■ Input data
----------
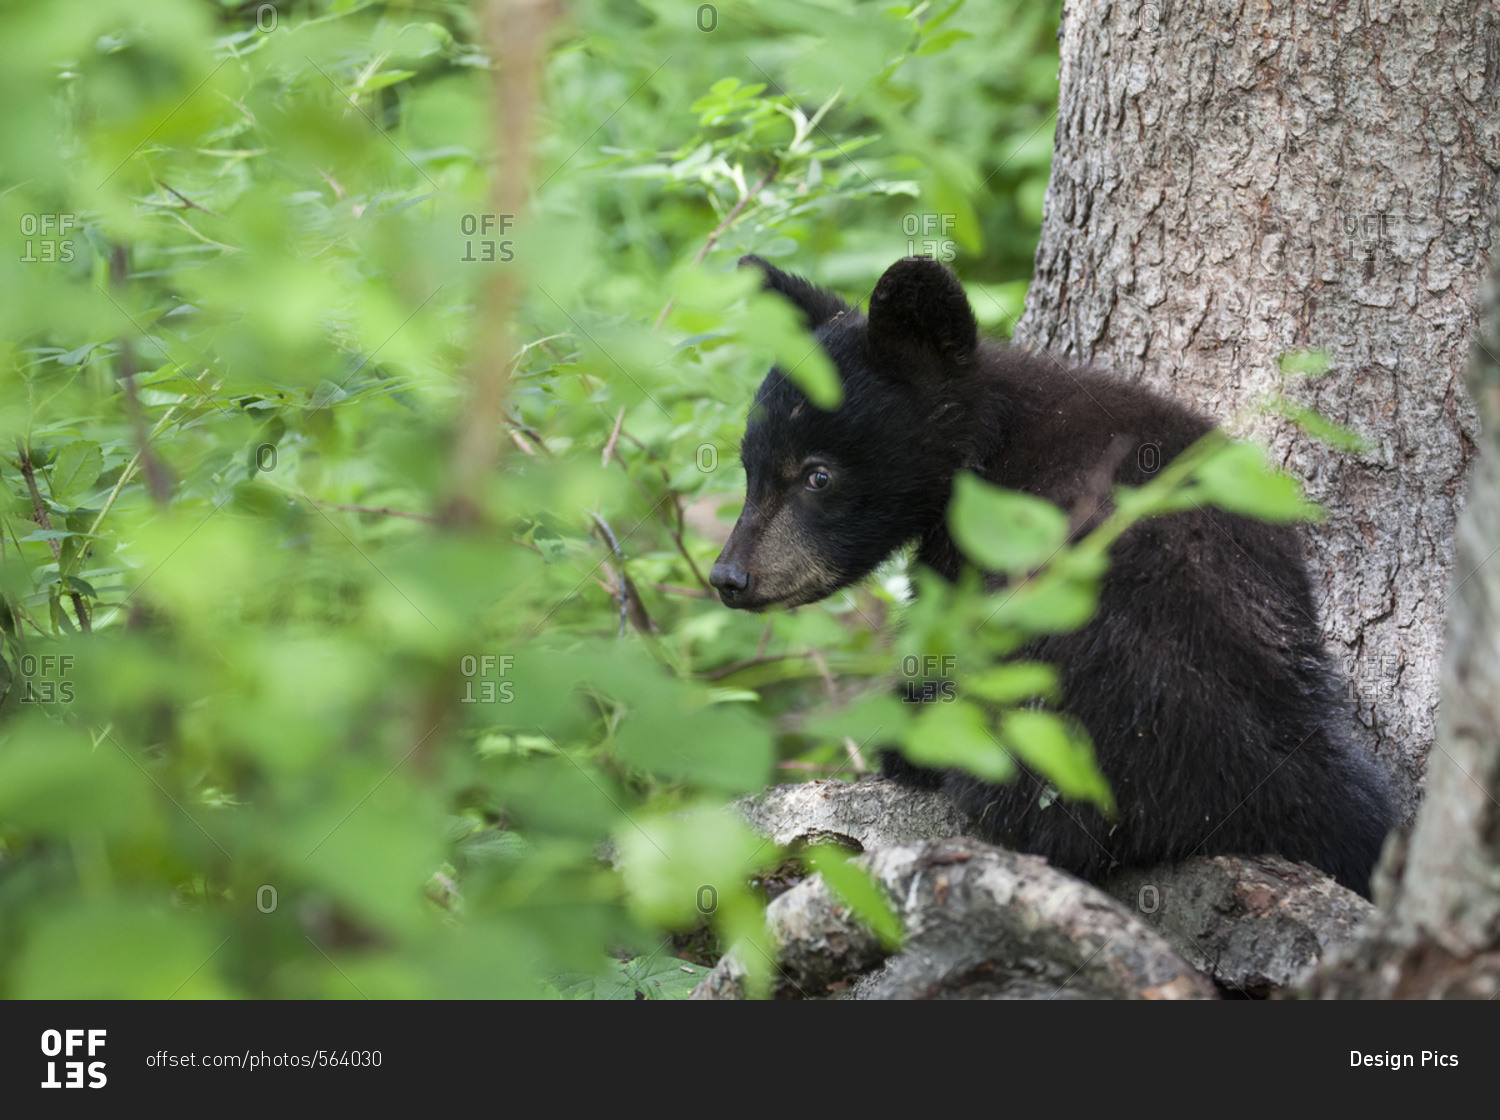 Black bear (Ursus americanus) cub looking out through the lush foliage from a tree branch, South-central Alaska, Alaska, United States of America
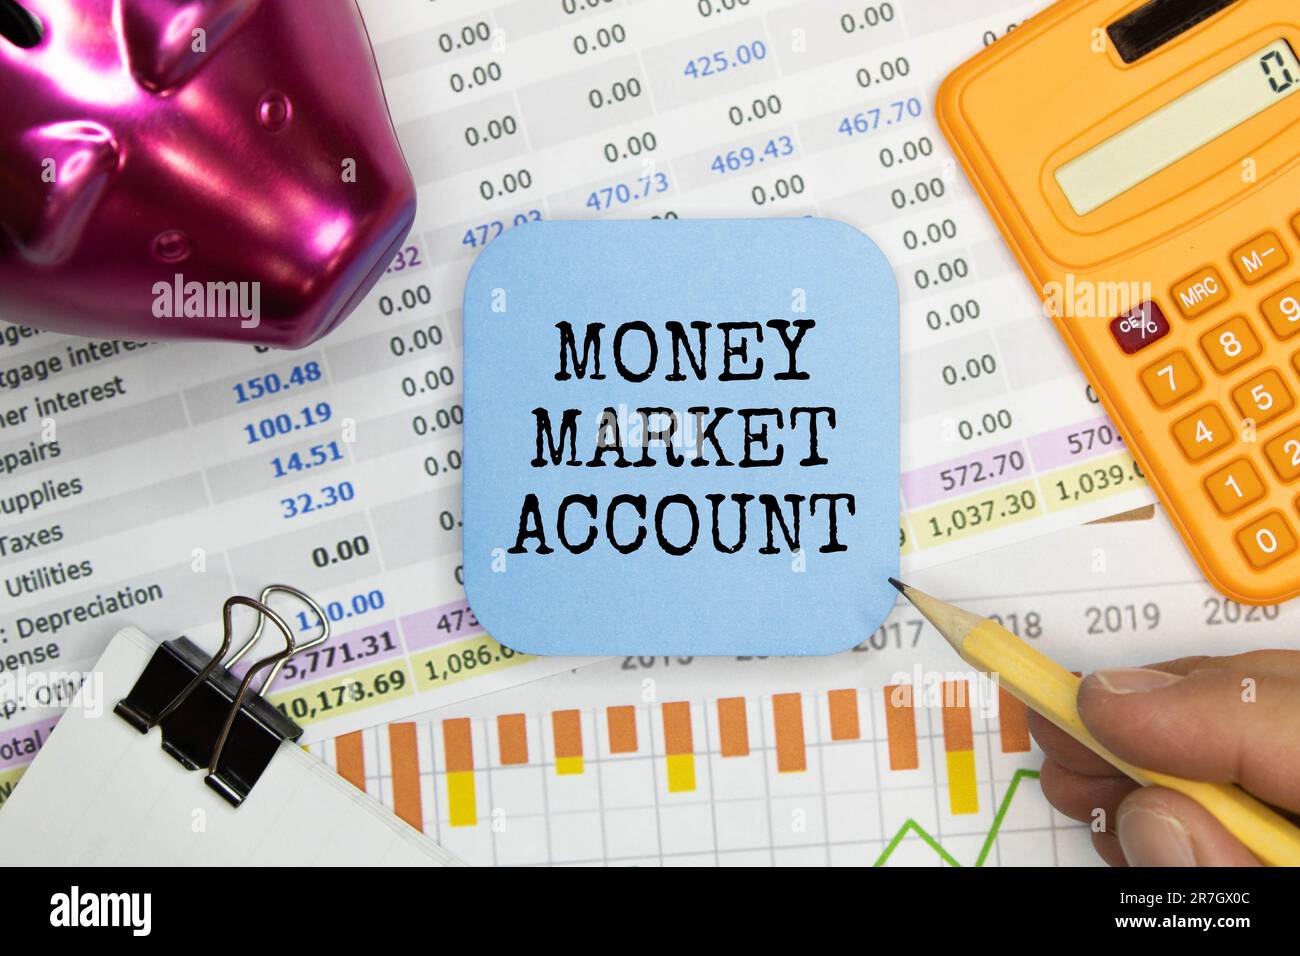 MONEY MARKET ACCOUNT text on blue pieces of paper on yellow background, business concept Stock Photo
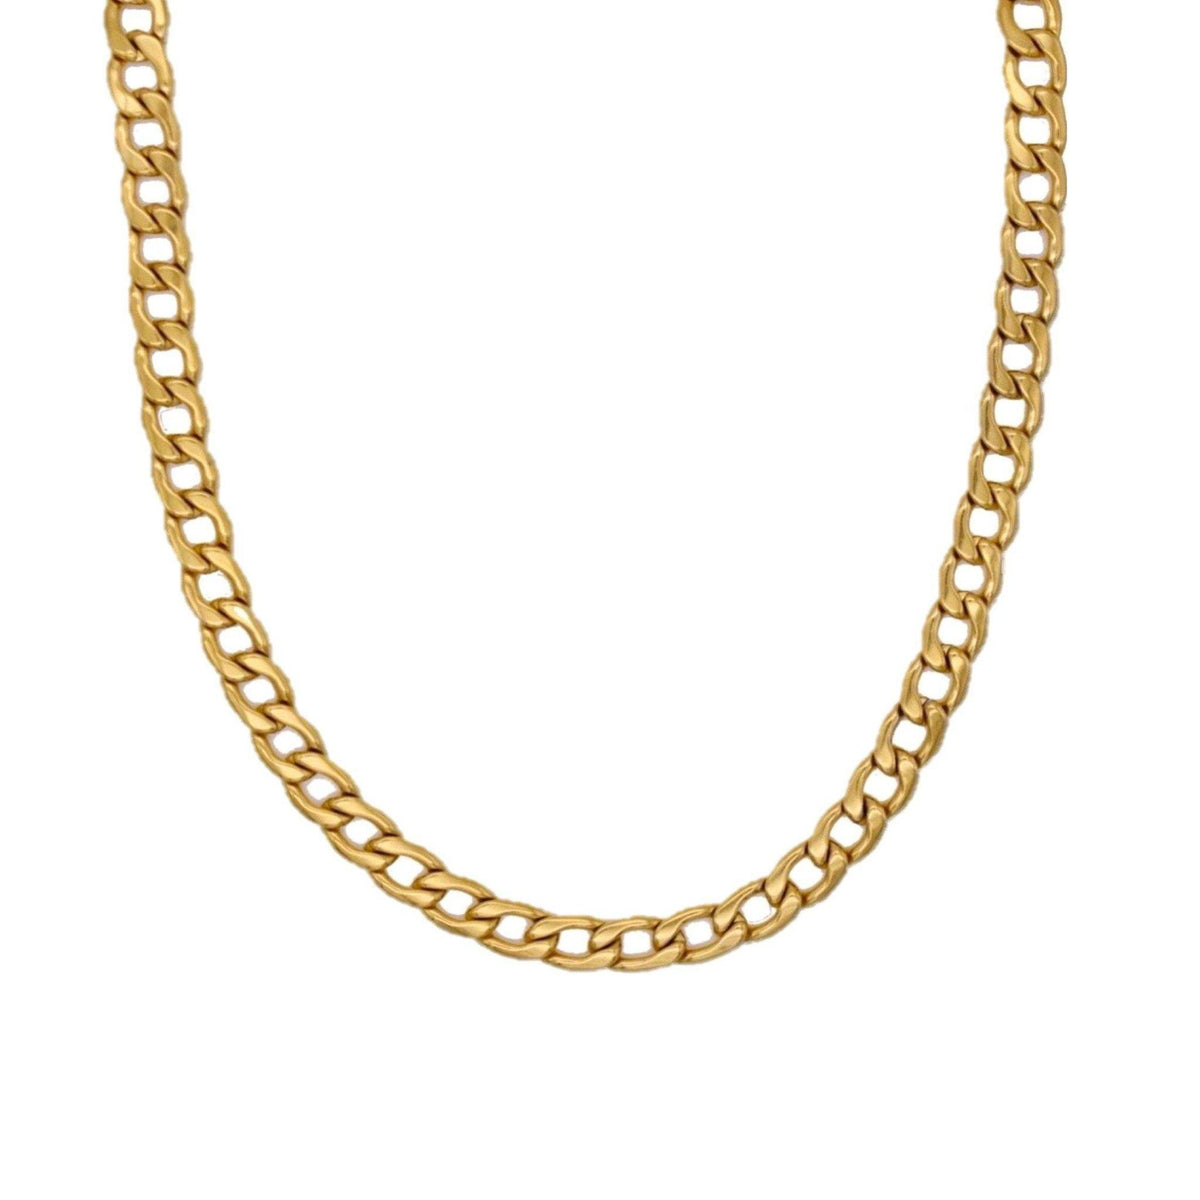 Brooklyn 6MM Chain Necklace - Taylor Adorn
----------
An exact copy of every line above, minus the pictures, is the required output.

■ Written answer
 Black bear (Ursus americanus) cub looking out through the lush foliage from a tree branch, South-central Alaska, Alaska, United States of America
 MONEY MARKET ACCOUNT text on blue pieces of paper on yellow background, business concept Stock Photo
 Brooklyn 6MM Chain Necklace - Taylor Adorn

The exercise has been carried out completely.